The first question we were asked to address, in no more than three minutes, was: “Do we need lifelong love to achieve happiness? Or would we be happier embracing independence?” The moderator made it clear that ‘love’ meant romantic love.
Three answers to the question about happiness and love
Here’s what I said in response to the question:
I have three points to make.
First, to answer this question, I want to rescue love from the stifling little box we’ve stuffed it into. Love is so much bigger than just romantic love. Love has a huge heart. It throws its arms around close friends, cherished relatives, maybe even spiritual figures. The love that lives in those relationships is sometimes made of sterner stuff than the flimsy romantic variety that can burn ravenously and then just fizzle.
Any of these many-splendoured colors of love can contribute to a happy and fulfilling life.
Second, what happens if you accept my bigger, broader meaning of love? Do we need love in that sense to achieve happiness? That’s the view of life that says that nothing matters more than our relationships with other people. Maybe they don’t have to be romantic relationships, but they have to be some sort of close relationship.
What does that perspective do with people who put some sort of powerful passion at the center of their lives? Maybe it is a passion for social justice, or for scientific achievement, or for artistic creation, or anything else that matters so deeply that everything else — and everyone else — is secondary?
I think those people can be very happy and deeply fulfilled. Their lives are full of meaning. (There are other paths to happiness, too.)

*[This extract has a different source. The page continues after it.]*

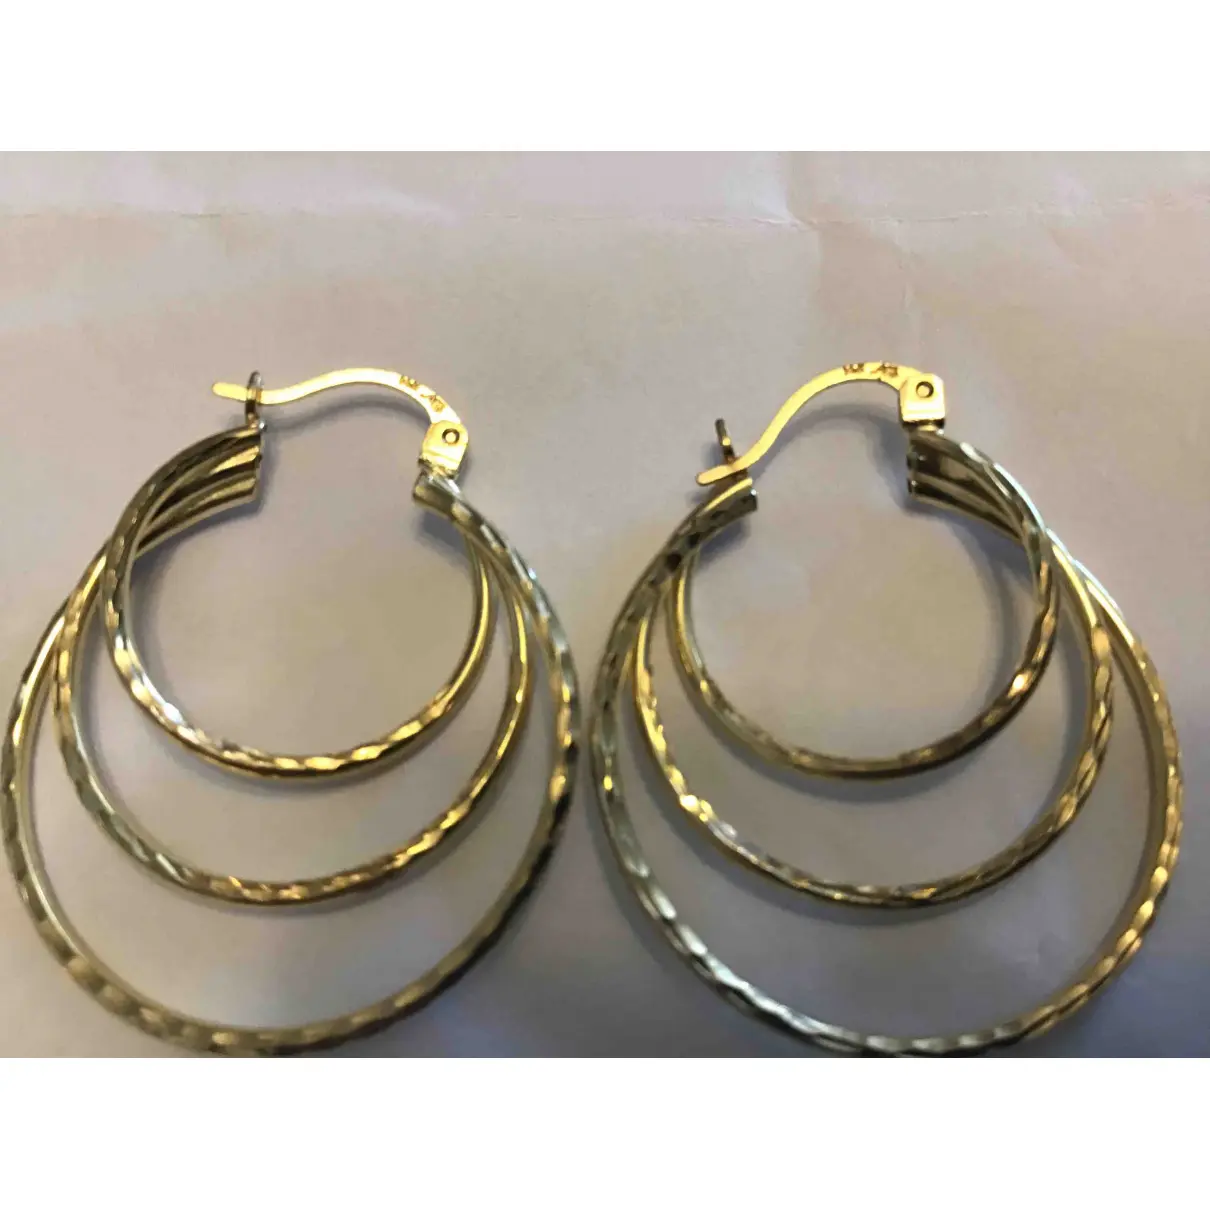 Buy Unknown Yellow gold earrings online

Third, love is not the opposite of independence. I have been single my entire life and I have lived alone ever since I finished graduate school back in the Stone Age. I have a lot of independence. And I also have a lot of love. The love I have in my life does not insist that I share a bed or spend time with in-laws or be dragged along as a plus-one at one dreary event after another.
Now some of you may cherish having someone in your bed and someone you can count on to be there with you for the tedious social events of everyday life as well as the bigger, happier things. And that’s great. But you know what is also great? That we don’t all have to want the same things. That we can each go for the life that works best for us, that incorporates just the right mix of independence and interpersonal connection.
What the research shows
With just three minutes, I didn’t have time to get into the relevant research, but I have shared that here many times before. For example, if you equate getting married with finding love (I don’t), then we have a very solid answer to the question about happiness. As of 2012, there were already 18 studies that followed the same people, year after year, as they went from being single to getting married. Those studies showed that people did not become lastingly happier after they married than they were when they were single.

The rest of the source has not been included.